Singapore's CapitaLand wants to speed up China construction

PUBLISHED : Saturday, 30 November, 2013, 4:28am
UPDATED : Saturday, 30 November, 2013, 4:28am

CapitaLand, Southeast Asia's biggest builder, aims to speed up construction of apartments in China to boost returns.

"For residential projects, the pace of our development is not fast enough," Jason Leow, chief executive of CapitaLand's mainland unit, said at a briefing in Shenzhen.

Singapore-based CapitaLand is expanding in China to take advantage of its growing urbanisation. The company has mixed-use projects under its Raffles City brand name in eight cities and also owns The Ascott, the mainland's biggest serviced apartment operator.

The company had sold almost 2,400 homes on the mainland in the first nine months of this year, compared with about 2,000 homes in the same period last year, Leow said.

More than 90 per cent of the company's residential projects in China were targeted at first-time buyers and the mass market, he said.

New home prices jumped last month in all but one of the 70 cities that were tracked, adding pressure on local governments to tighten property policies as they seek to meet annual housing price targets.

CapitaLand's operations in China have felt little impact from tighter lending by banks because the company was "in a very comfortable position financially", group chief executive Lim Ming Yan said at the briefing.

Separately, the developer was still positive about the long-term prospects of Singapore's property market, Lim said.

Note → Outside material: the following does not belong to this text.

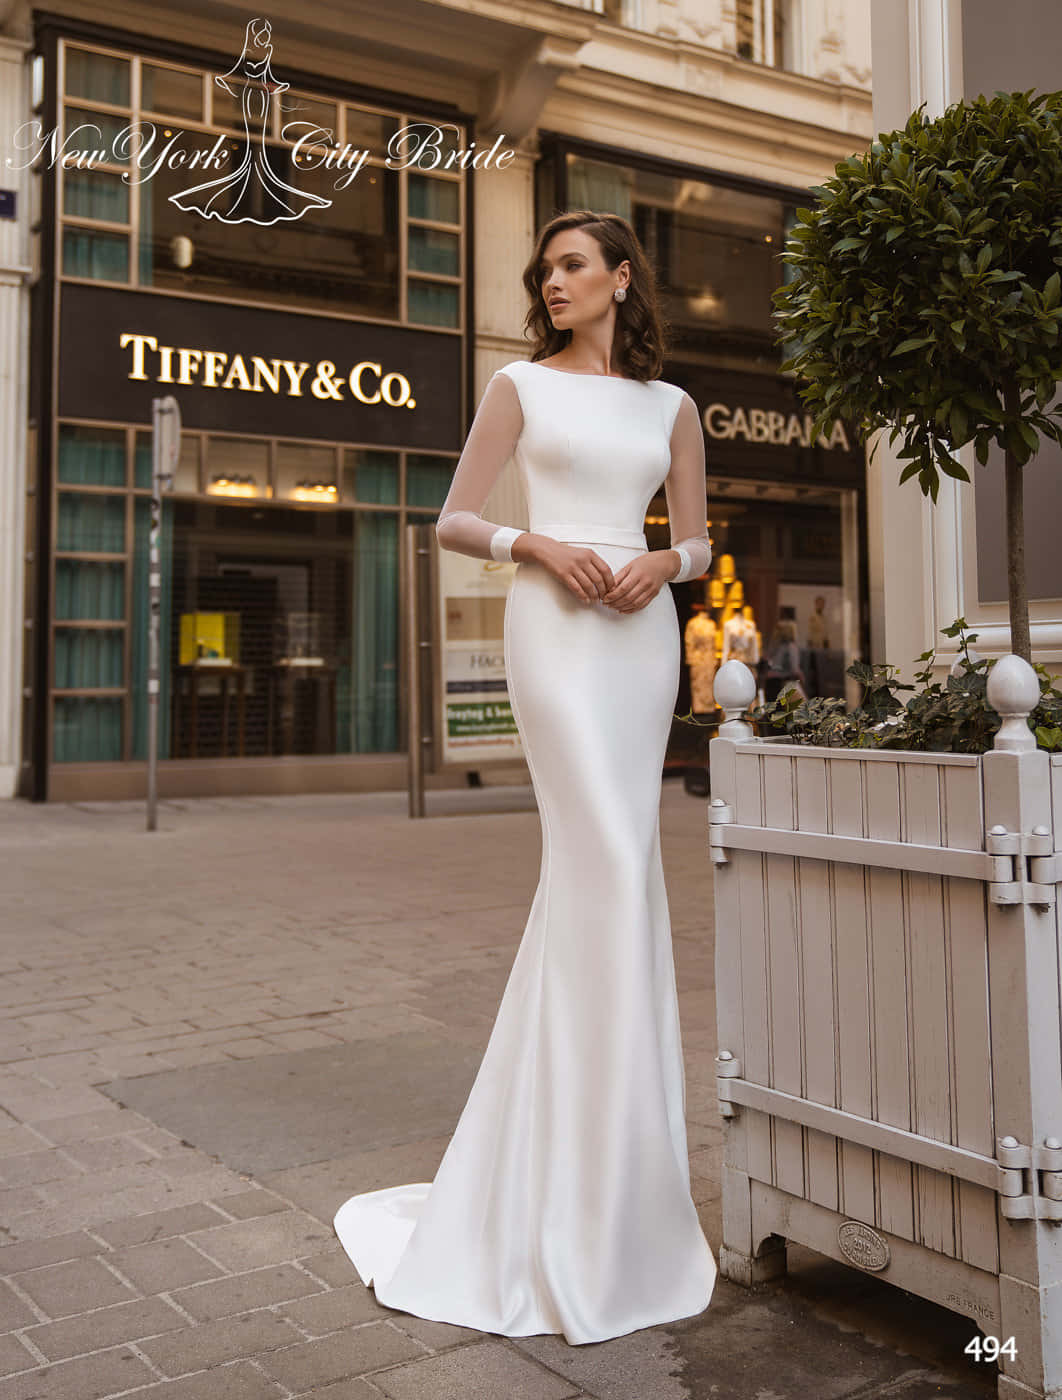 A stunning and sophisticated white wedding dress Wallpaper
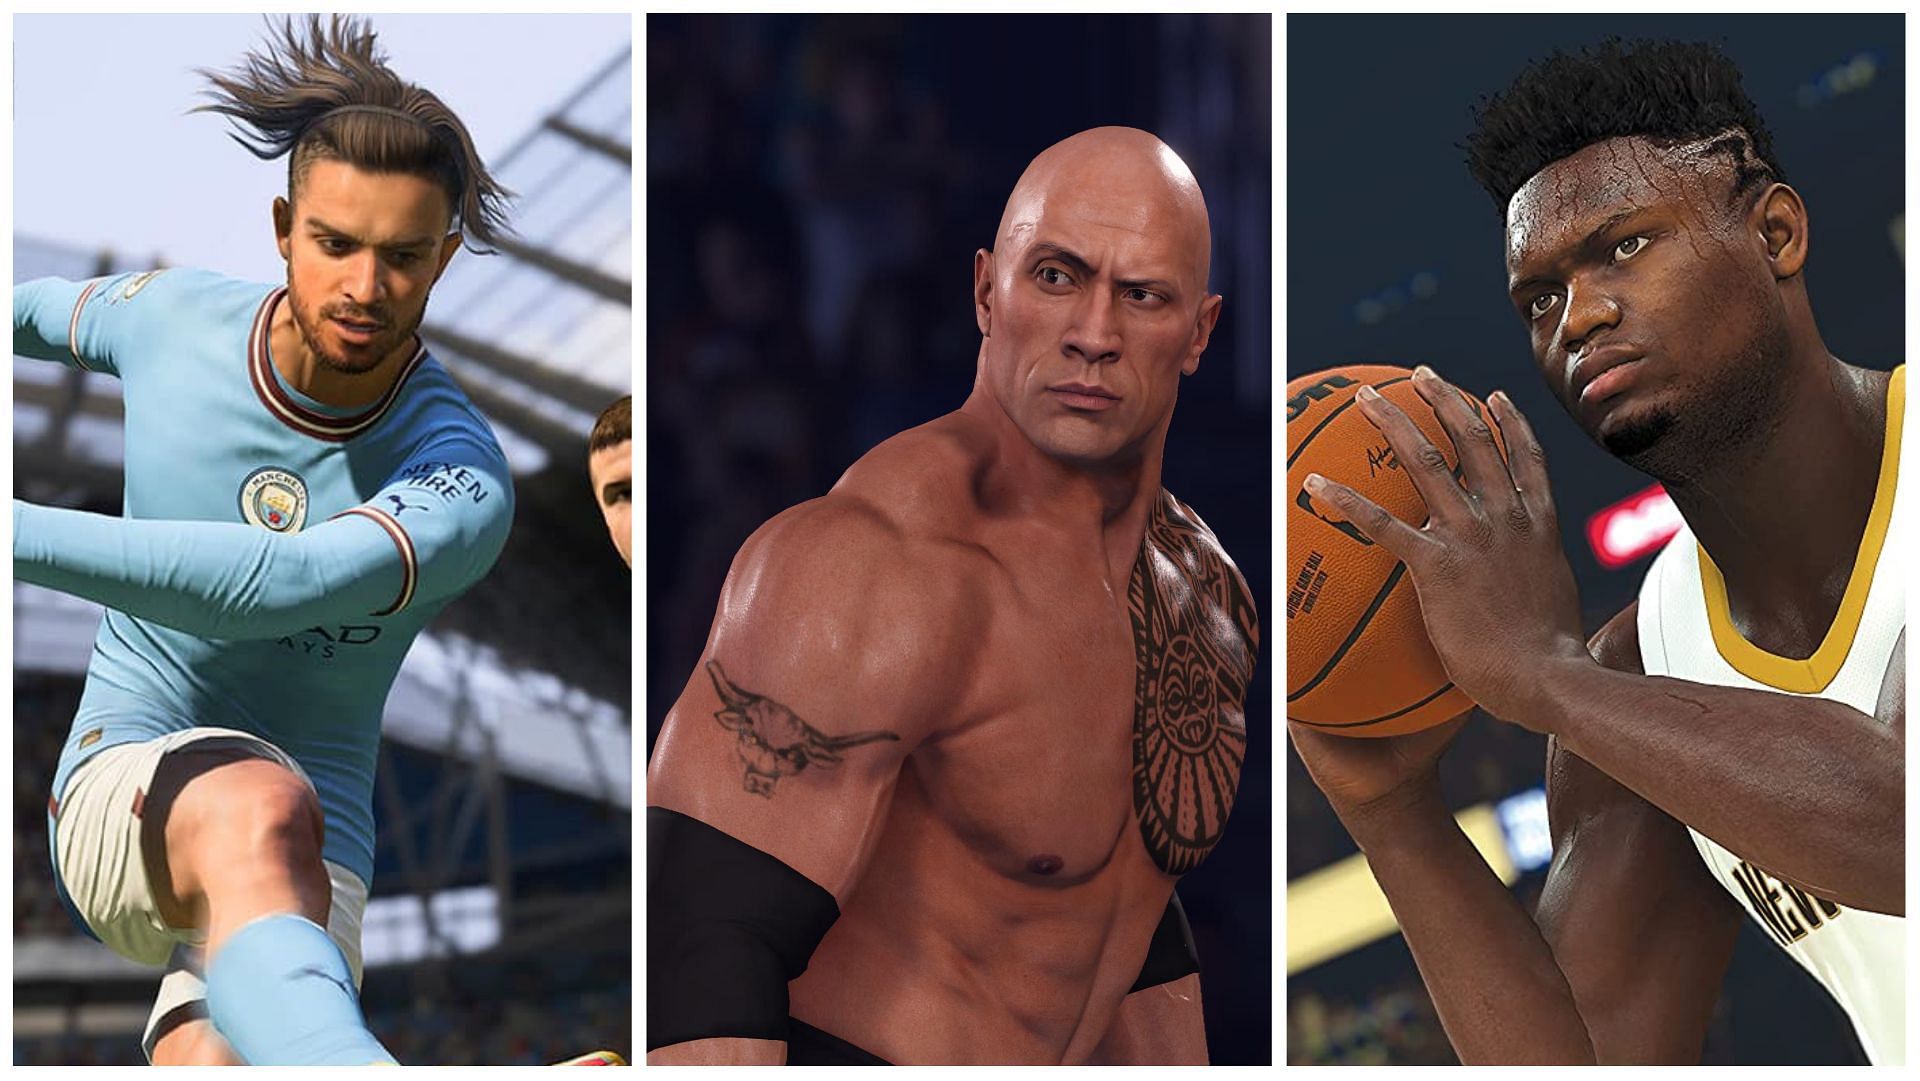 These video games capture the attention of sports fans every year (Images via EA Sports and 2K)

Singapore's home prices fell 1.2 per cent last month from September as evidence builds that the government's efforts to cool the property market are working. Home sales have fallen for the past four months after the Singaporean government imposed new rules in June governing how financial institutions grant property loans to individuals.

"In the short term there may be some headwinds because of the measures," Lim said. "But as long as Asia continues to grow, Singapore will be well positioned for growth over the next five, 10, 15 to 20 years."